I had requested they come collect the items because I remember all too well the months on end Brendan Bjorn waited for each piece of special equipment. The man who came to collect the items had been here before to move Brendan Bjorn’s bed while home modifications were about to begin, and then he returned when they were completed. I was glad to see it was him drive up in the truck yesterday to collect those items I had just spent over an hour sobbing on.

I held the headrest of the wheelchair as I cried, visualising my precious boy sitting in it as he did countless times, laughing, eyes beaming with love, as he enjoyed being taken for a stroll amongst the trees.

I laid my head on his bed, right where he had last lay his head, and I sobbed. Uncontrollably so. That wave of grief took hold to the point I could barely breathe, coughing with my asthma triggered.

As the bed was being dismantled, the man from the HSE walked back into Brendan Bjorn’s room and found me staring at what remained of it. He came up to me and, looking me in the eye, and said, “They are just tools he used. They aren’t him, his spirit.” Then he told me a story about an old stubborn farmer who didn’t want to accept that he needed a medical bed. He refused it, the wife told him at the door. So, this wonderful HSE man had a chat with him, similar to what he had with me yesterday, explaining that the bed is just a tool to use, it isn’t the person.

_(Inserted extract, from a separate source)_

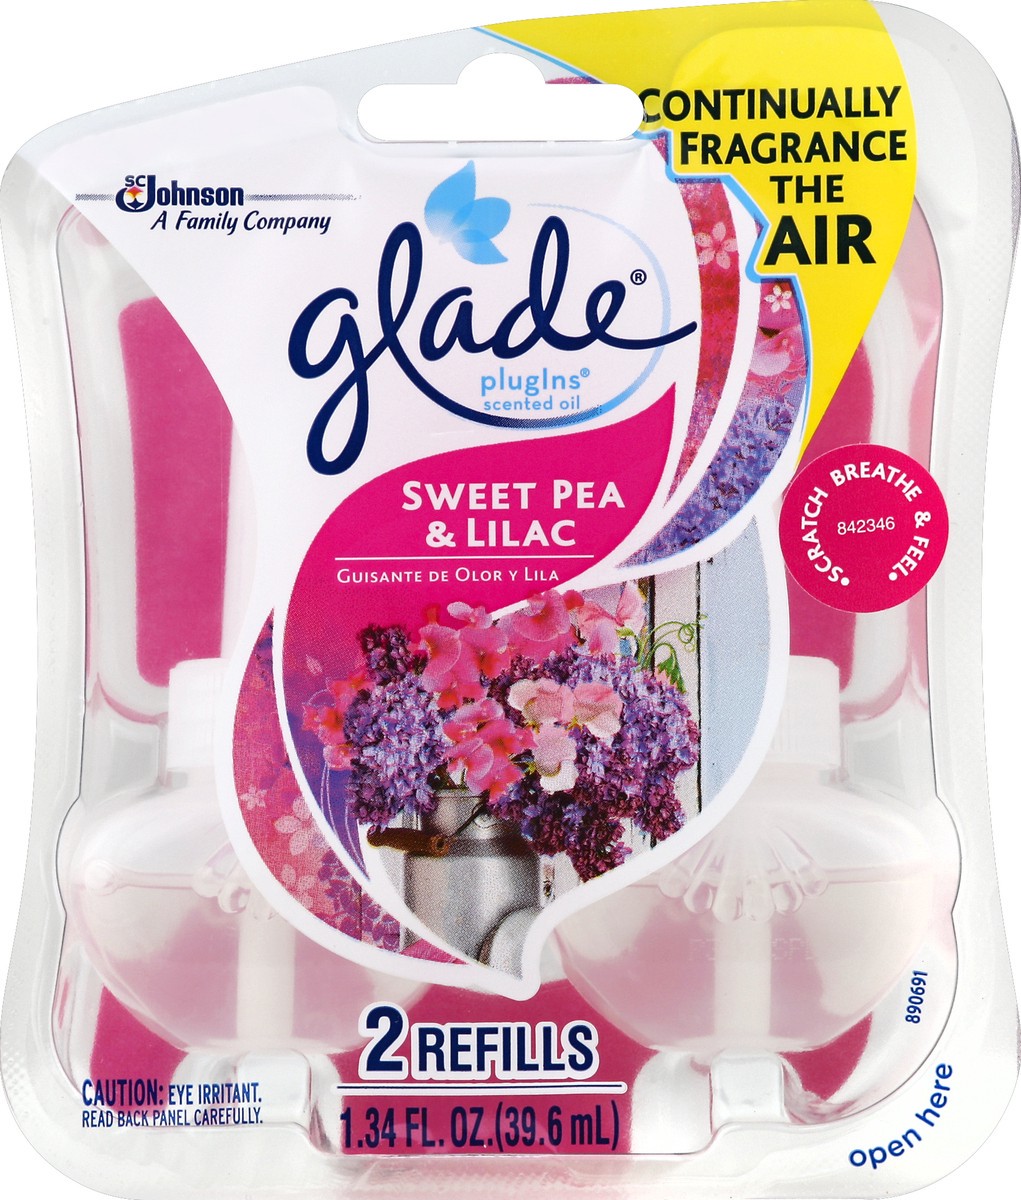 slide 2 of 2, Glade PlugIns Scented Oil Refills Sweet Pea & Lilac, 2 ct; 1.34 oz

And it made all the difference.
I’m so thankful it was he who came to collect those items.

Brendan Bjorn’s room is achingly empty now. I know at some point I will need to go through everything else. His clothes, the remaining medical supplies on his bedside table, the DVDs he so loved to watch. But now is not the time for that. I’m not ready. Yesterday was physically and emotionally taxing on me with all the heavy crying and I find myself in pain this morning.

This is another day on the path of grieving. The waves will come, and they will go. They come out of nowhere, and sometimes they leave just as quickly.

What will never leave is my indescribable love for my first born son, my Brendan Bjorn. My angel.